Introduction

The nPYc-Toolbox is a general Python 3 implementation of the MRC-NIHR National Phenome Centre toolchain for the import, quality-control, and preprocessing of metabolic profiling datasets.

The toolbox is built around creating an object for each imported dataset. This object contains the metabolic profiling data itself, alongside all associated sample and feature metadata; various methods for generating, reporting and plotting important quality control parameters; and methods for pre-processing such as filtering poor quality features or correcting trends in batch and run-order.

The following sections describe these, in approximate order of application, in more detail. However, we strongly recommend downloading and working through the tutorials and referring to the documentation when required.

Introduction to Metabolic Profiling

This section provides a brief introduction to metabolic profiling, the analytical background of the technologies used, and the motivation for the implementation of the nPYc-Toolbox.

See Metabolic Profiling for details.

Tutorials

This section provides detailed examples of using the nPYc-Toolbox to import, perform quality-control, and preprocess various types of metabolic profiling datasets.

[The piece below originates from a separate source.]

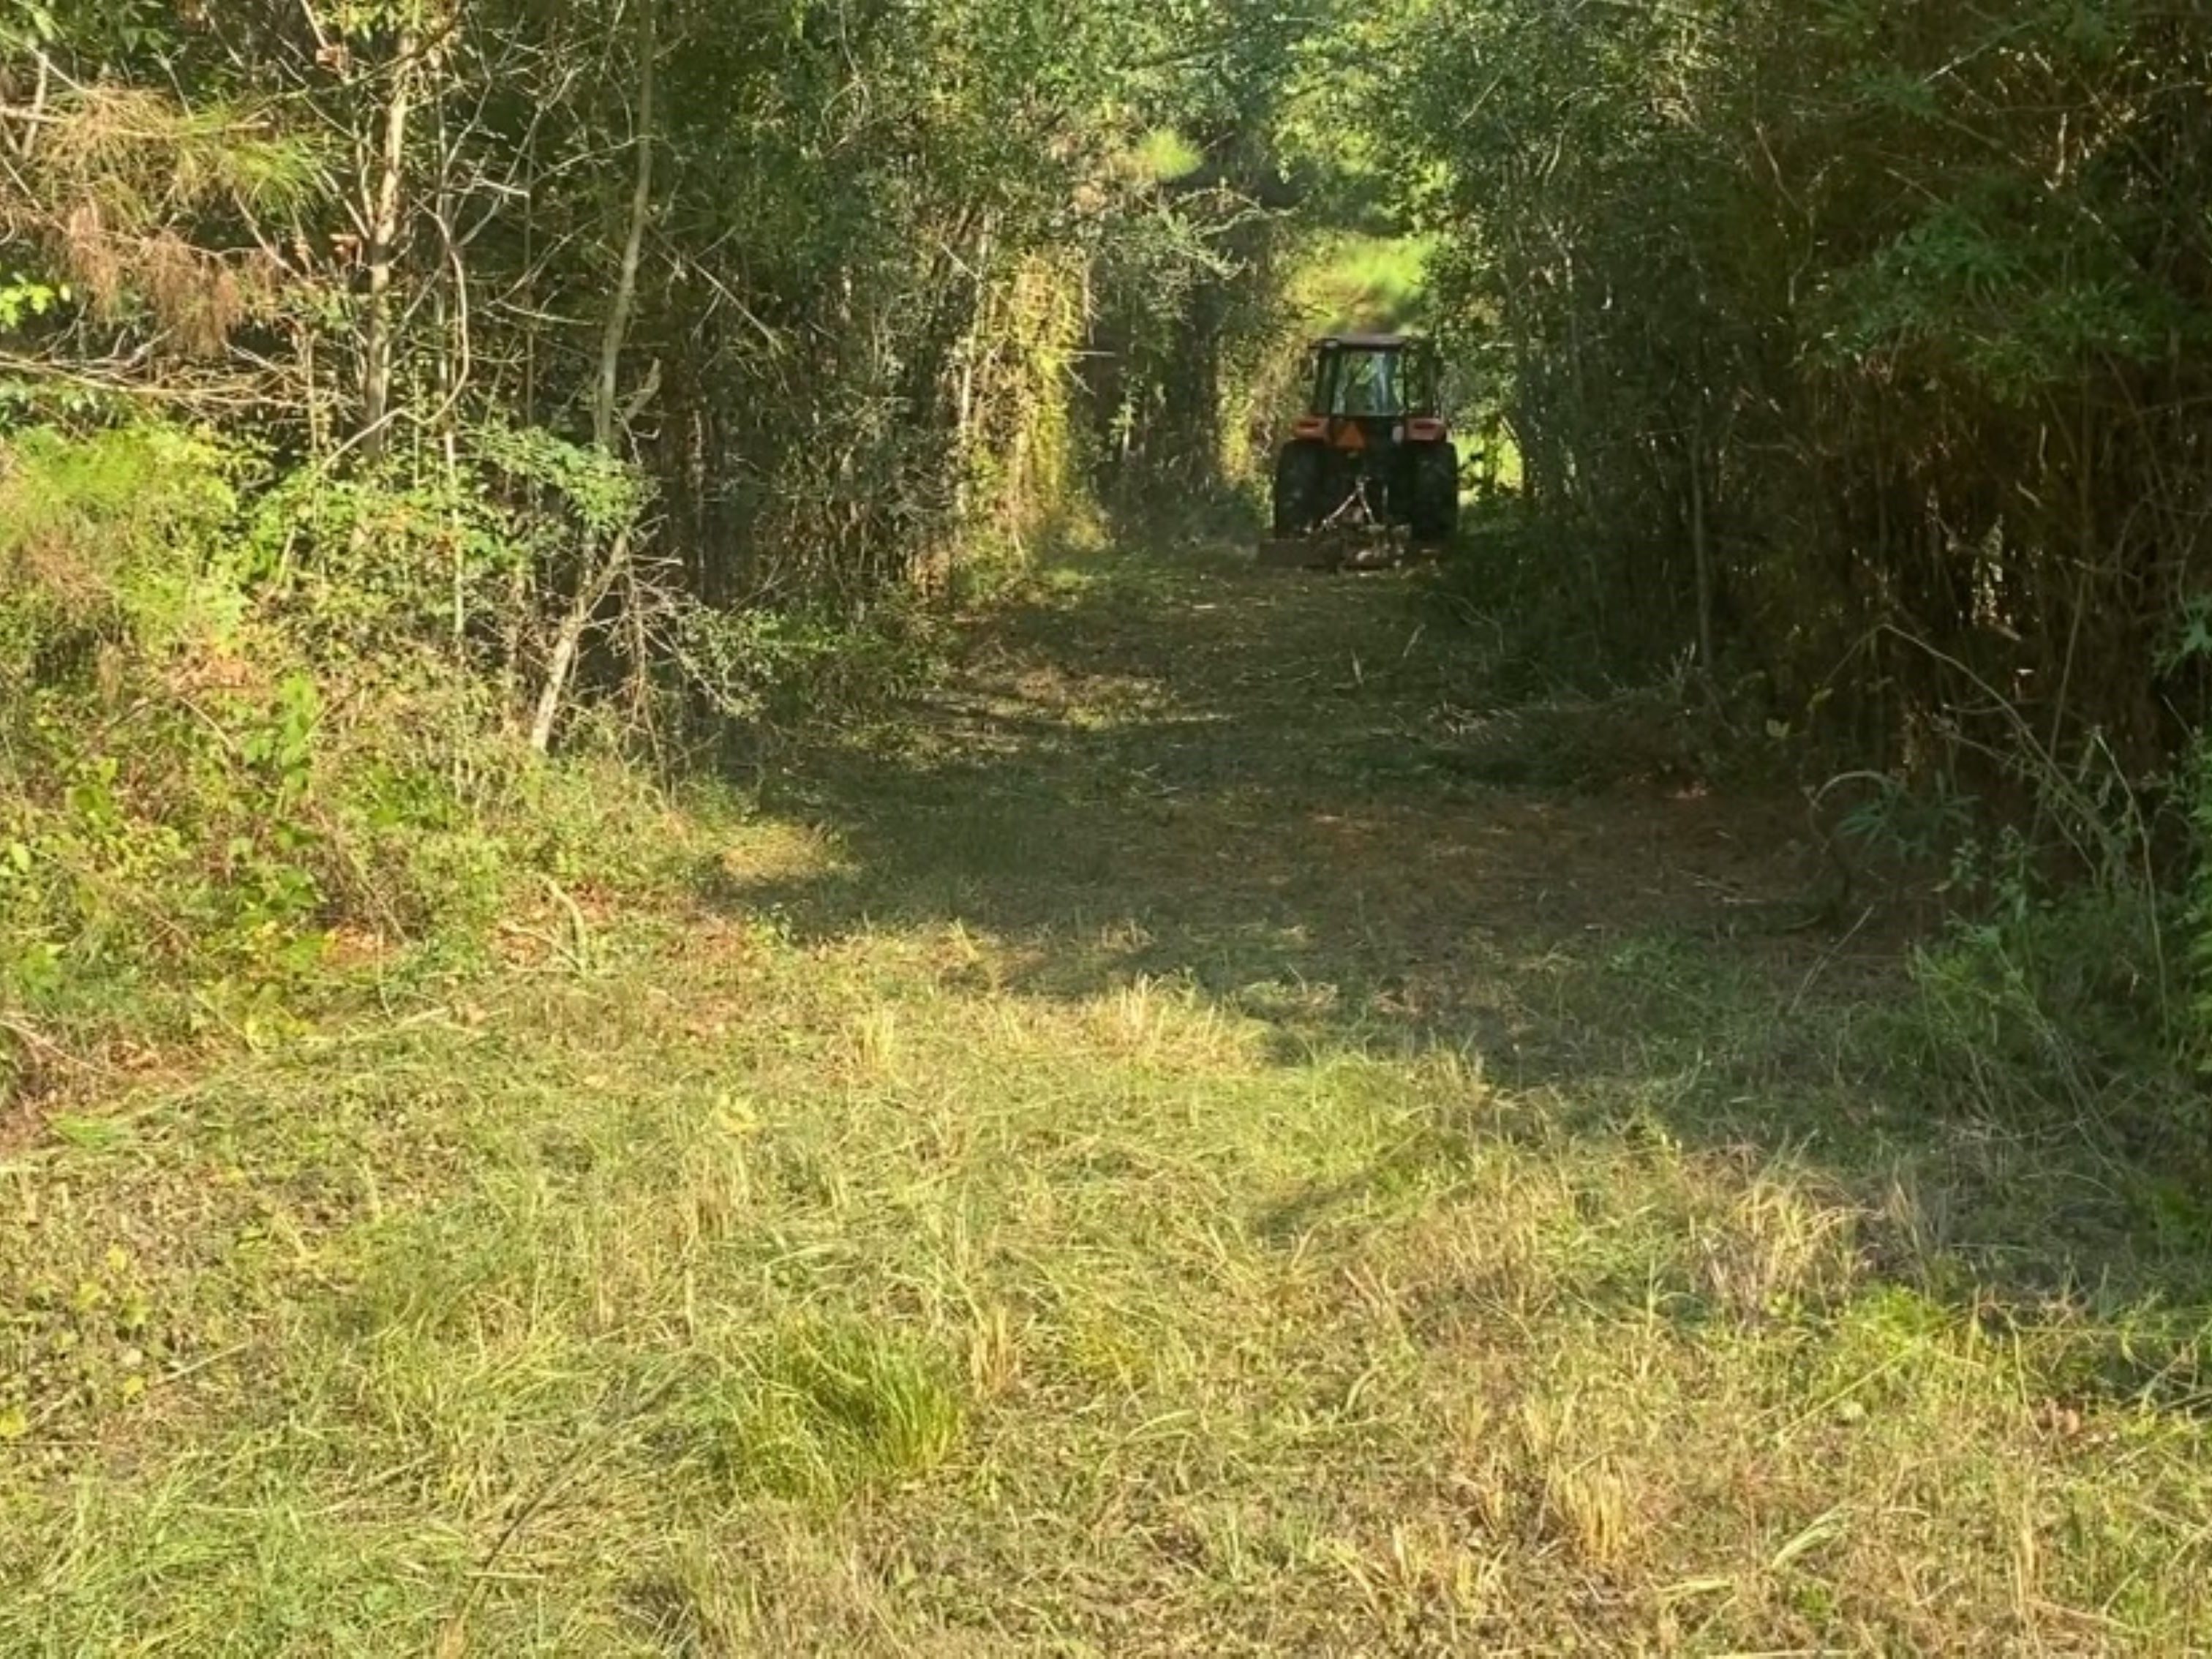 Tractor Work – Shooting Lane and Roadside Trimming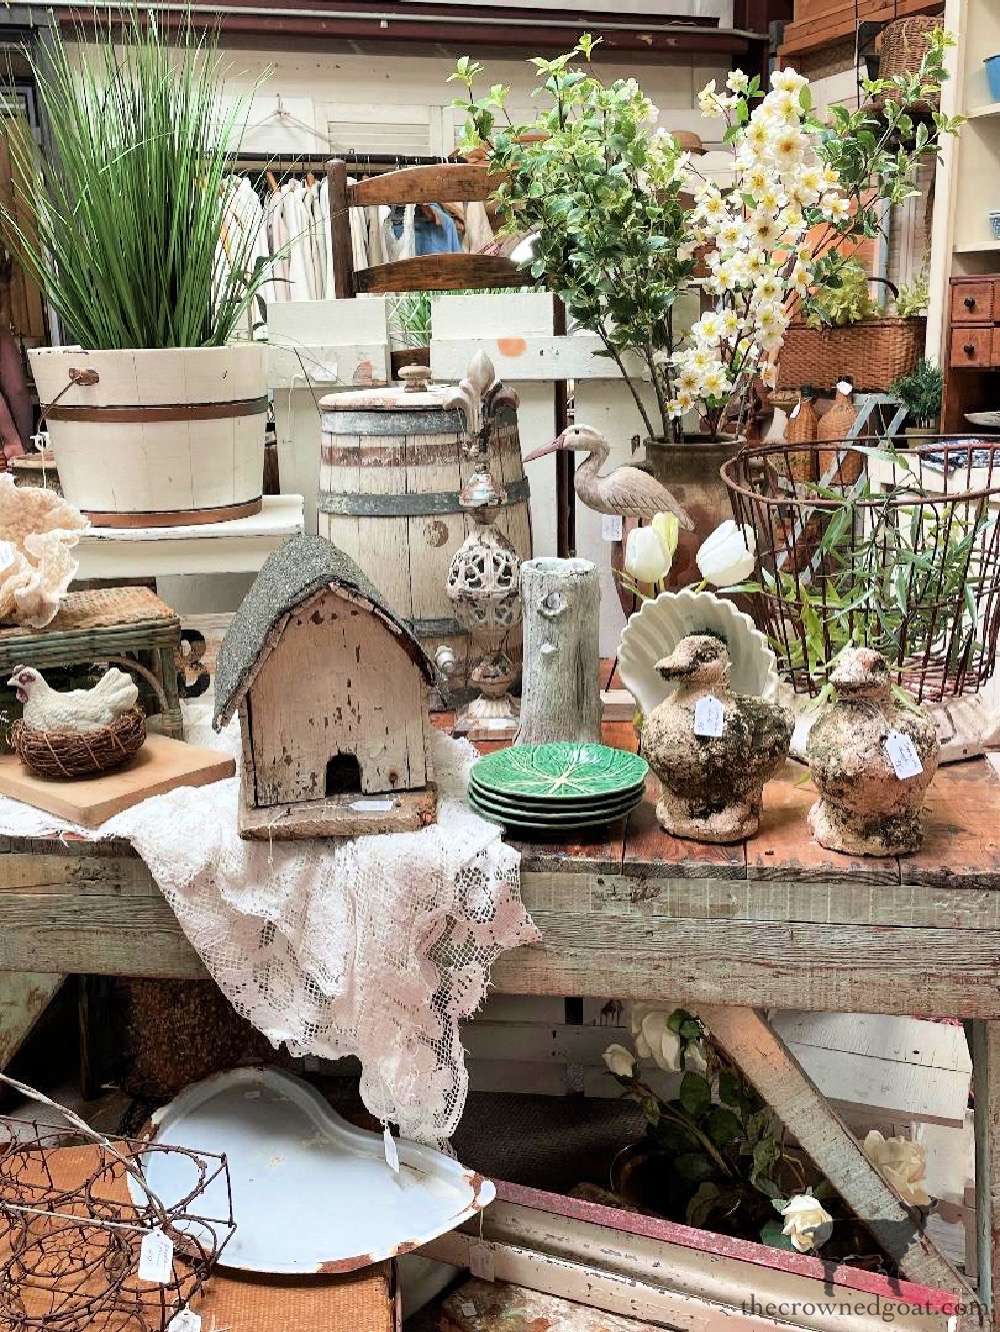 Tips for Shopping Yard Sales and Our Latest Finds

See Installation and Tutorials for details.

Datasets

The nPYc-Toolbox is built around a core Dataset object, which contains the metabolic profiling data itself, alongside all associated sample and feature metadata; various methods for generating, reporting and plotting important quality control parameters; and methods for pre-processing such as filtering poor quality features or correcting trends in batch and run-order. This section gives details of importing data into a Dataset, and gives details of supported data types.

See Datasets for details.

Sample Metadata

Additional study design parameters or sample metadata may be mapped into the Dataset, this section describes the nomenclature and formats for adding data in order to maximise the utility of the toolbox for quality control.

See Sample Metadata for details.

Sample and Feature Masks

Each Dataset object contains a sample and feature masks that store whether a sample or feature, respectively, should be used when calculating QC metrics, in the visualisations in the report functions and when exporting the dataset. This section gives details of the masks, the key functions that modify them and how these are can be used.

See Sample and Feature Masks for details.

Reports

The nPYc-Toolbox offers a series of reports, pre-set visualisations comprised of text, figures and tables to describe and summarise the characteristics of the dataset, and help the user assess the overall impact of quality control decisions.

See Quality Assessment Reports for details.

Batch & Run-Order Correction

This section describes the tools available to detect, assess and correct longitudinal run-order trends and batch effects in LC-MS datasets.

See Batch & Run-Order Correction for details.

Multivariate Analysis

The nPYc-Toolbox provides the capacity to generate a PCA model of the data, and subsequently, to use this to assess data quality, identify potential sample and feature outliers, and determine any potential analytical associations with the main sources of variance in the data.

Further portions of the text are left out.